THE DATA.

= Beginning of Section =

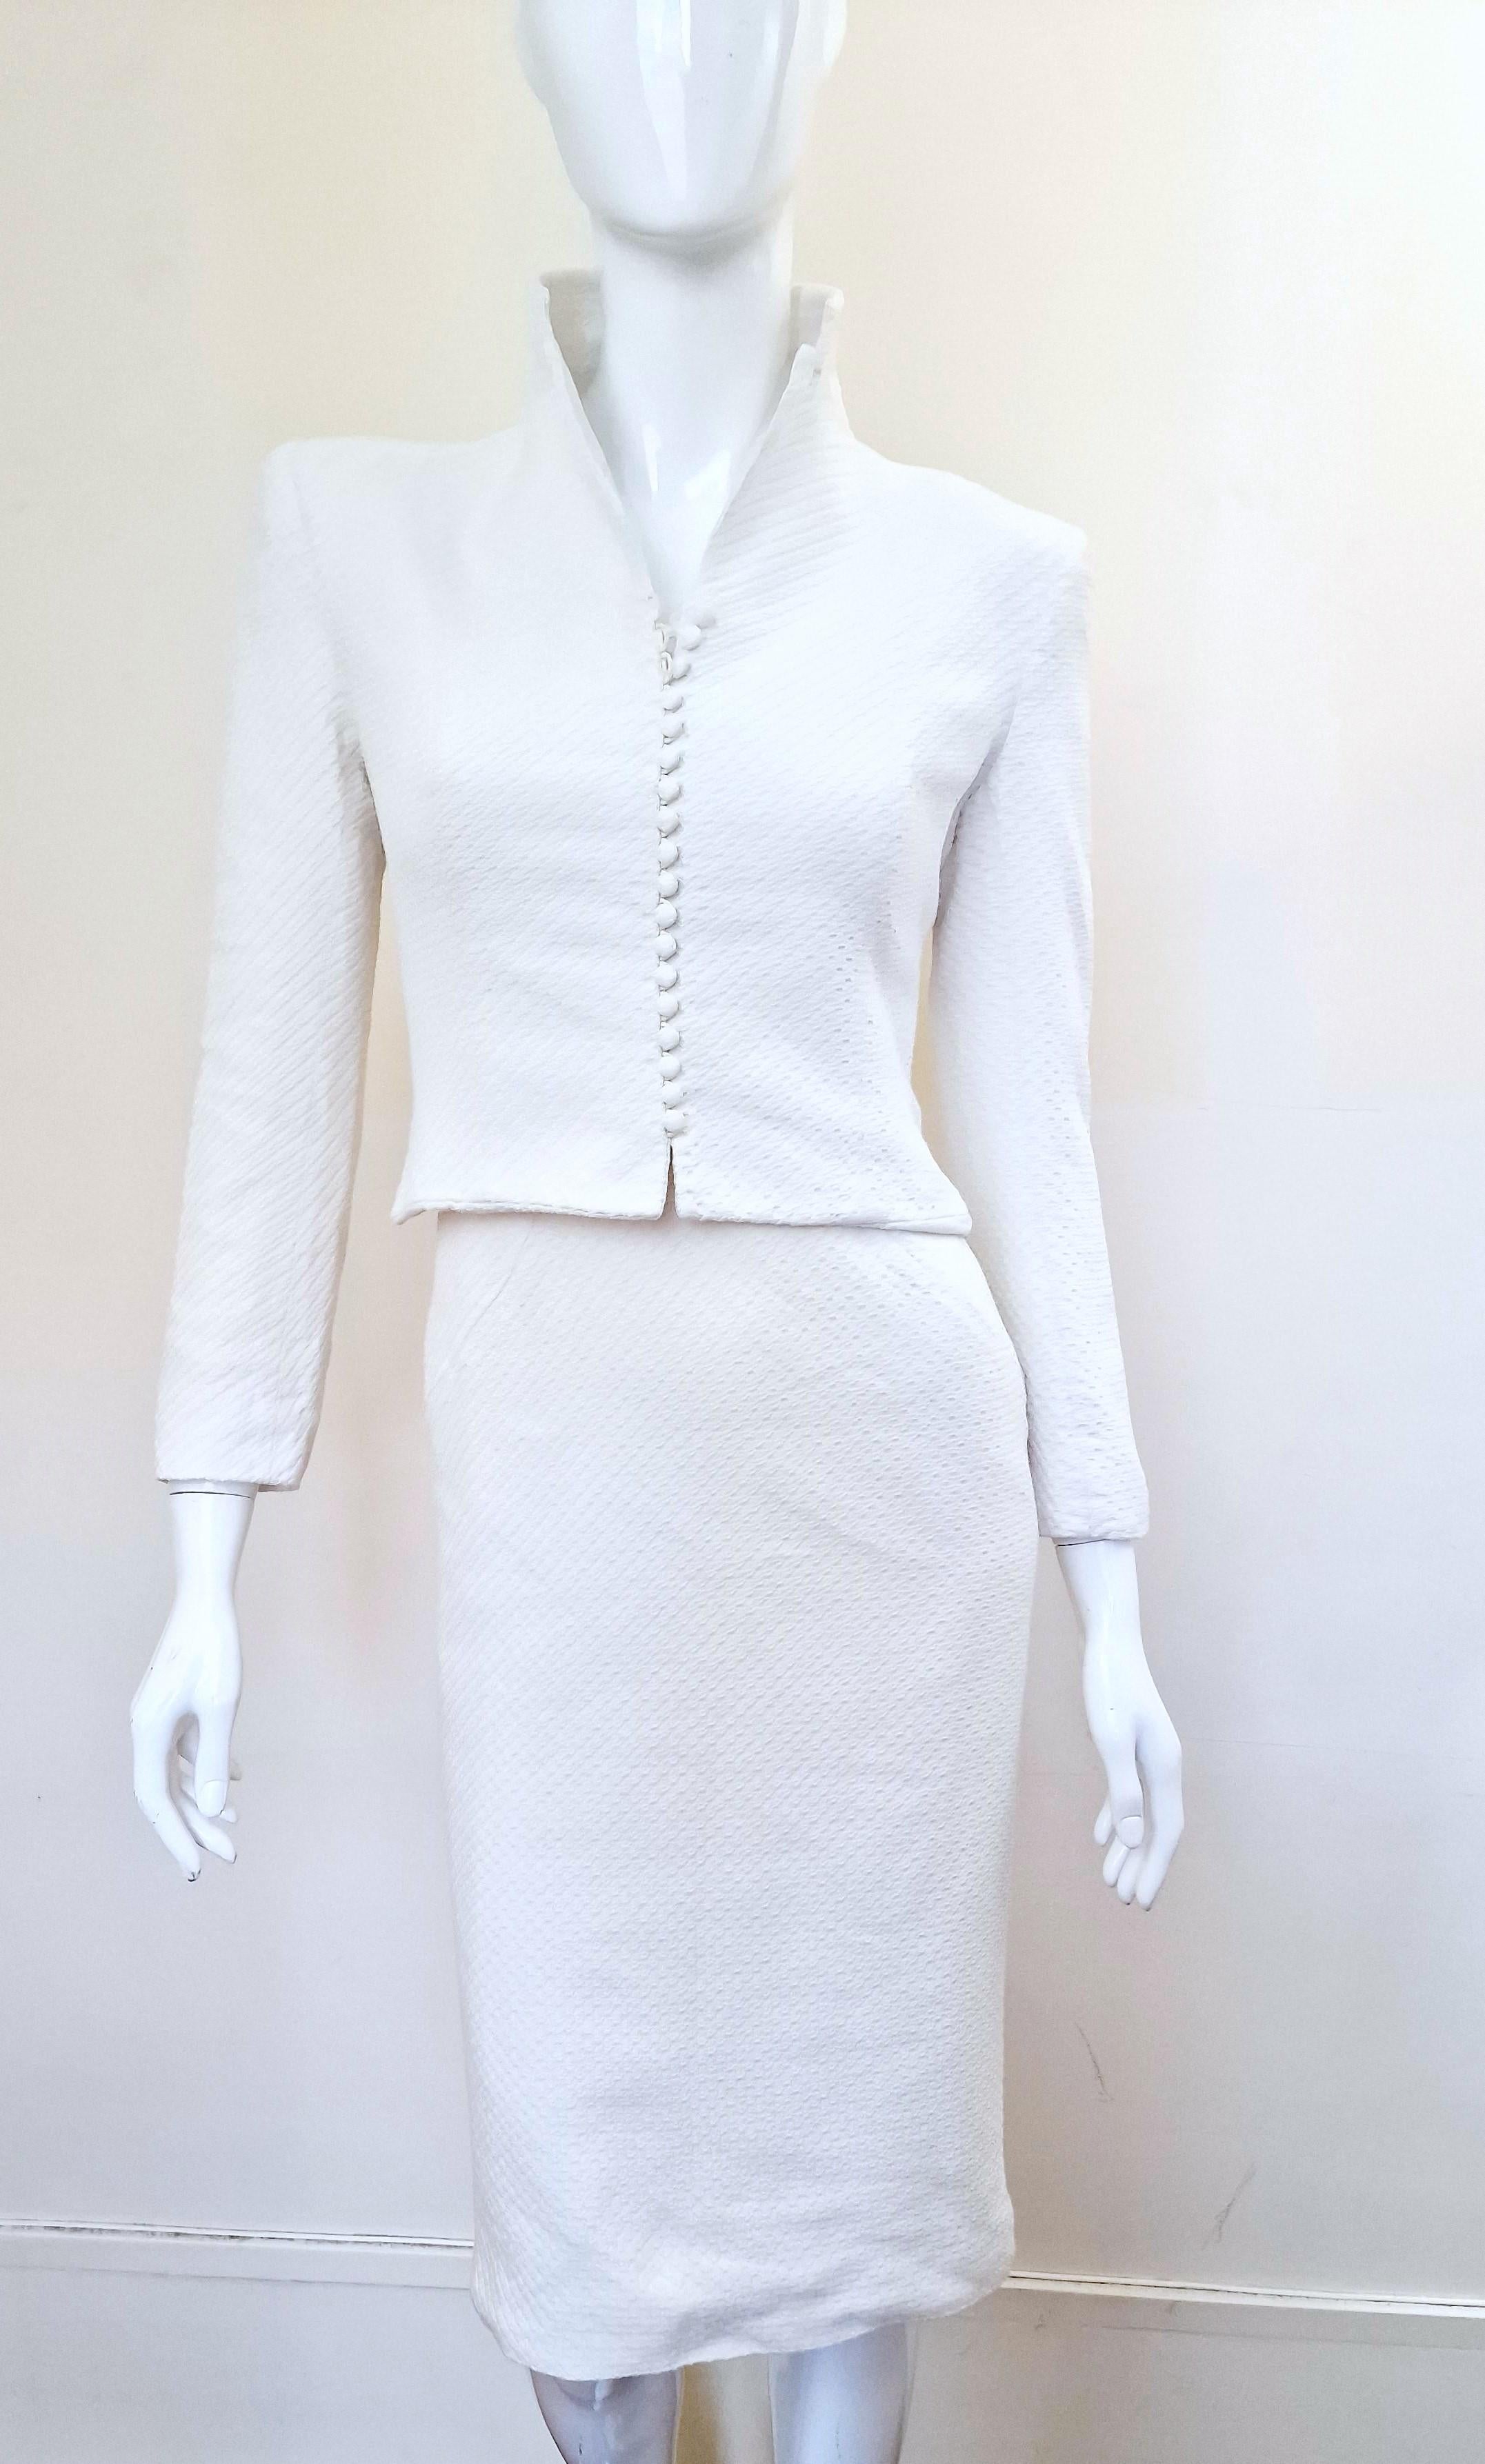 Early beautiful piece by John Galliano!
Dress + jacket set!
Wonderful silhouette!
18 buttons on the jacket.
The jacket has shoulder pads. 
Fully lined.

LIKE NEW!

SIZE
Fits from XS to small.
Marked size: small.

JACKET
Fits: size small.
Marked
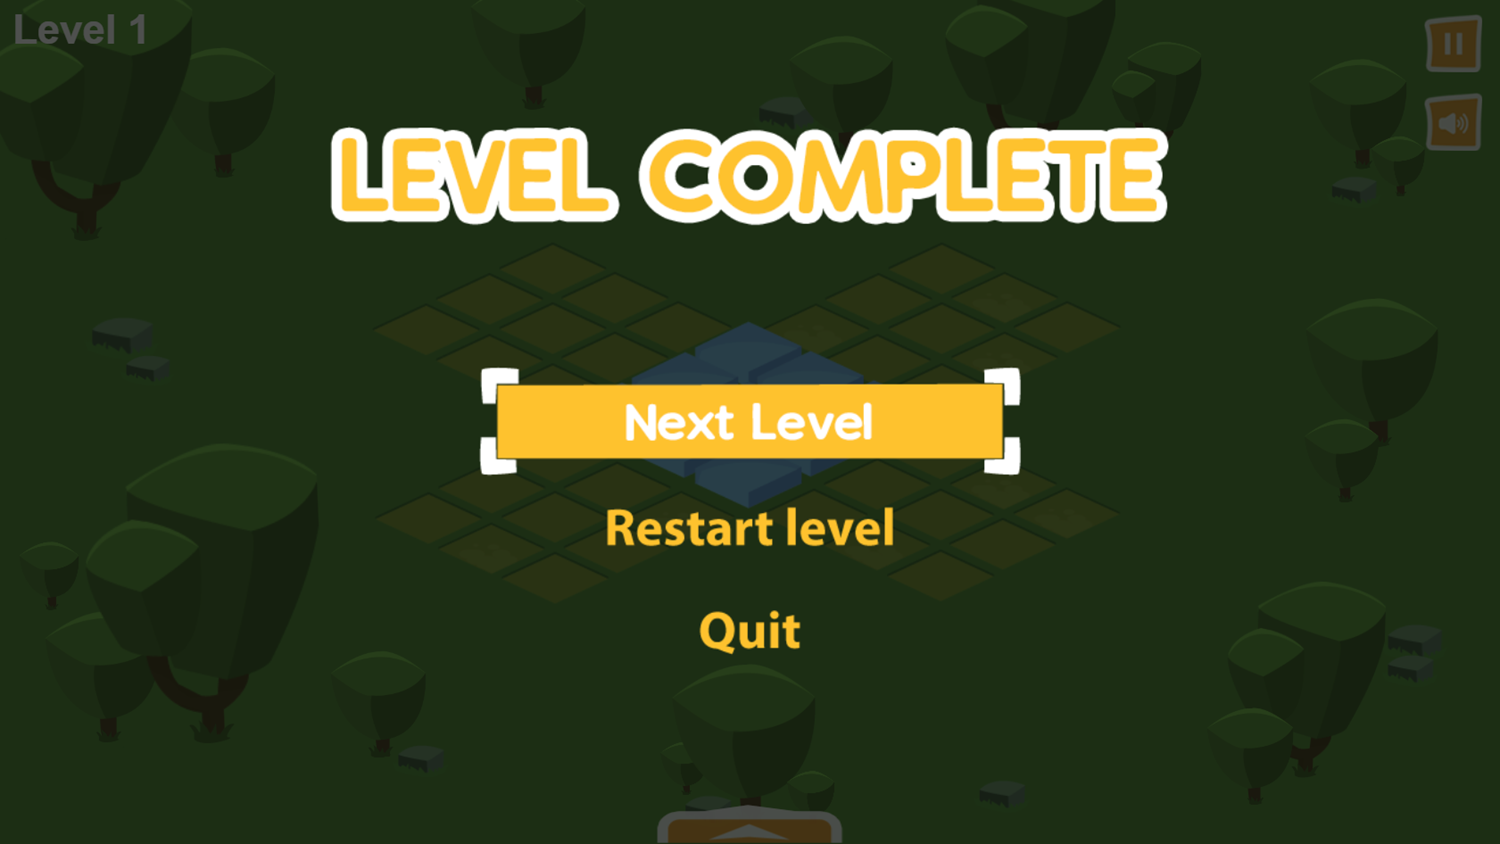 Isometric Puzzle Game Level Complete Screenshot.
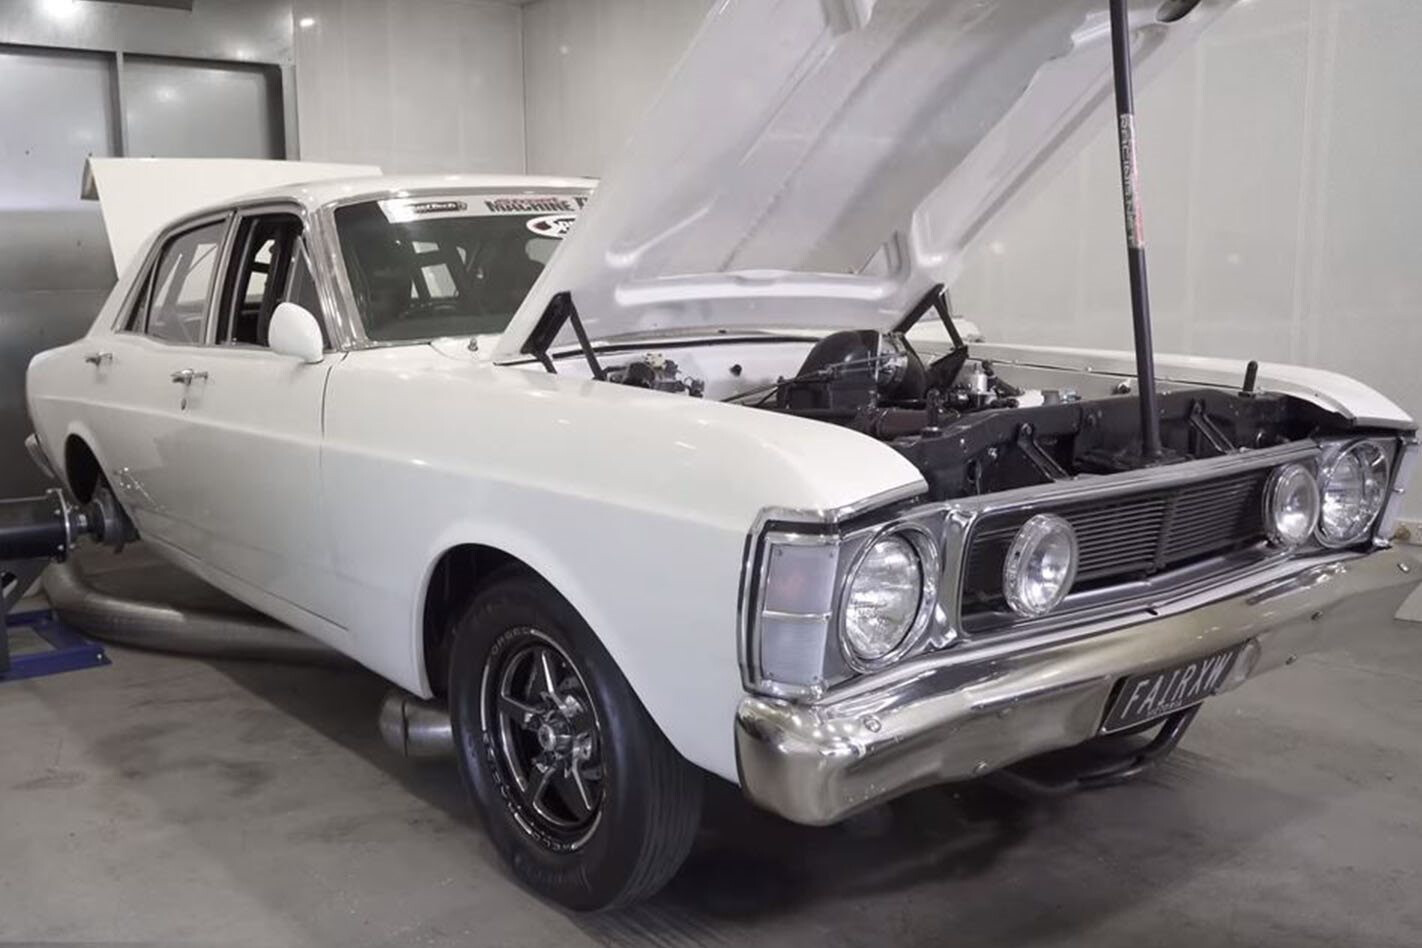 Dandy Engines 2800hp XW Falcon on the dyno – Video

= End of Section =

Without the pictures, write out every entry exactly as it appears.

SOLUTION FOR THIS TASK.
 Early beautiful piece by John Galliano!
Dress + jacket set!
Wonderful silhouette!
18 buttons on the jacket.
The jacket has shoulder pads. 
Fully lined.

LIKE NEW!

SIZE
Fits from XS to small.
Marked size: small.

JACKET
Fits: size small.
Marked
 Isometric Puzzle Game Level Complete Screenshot.
 Dandy Engines 2800hp XW Falcon on the dyno – Video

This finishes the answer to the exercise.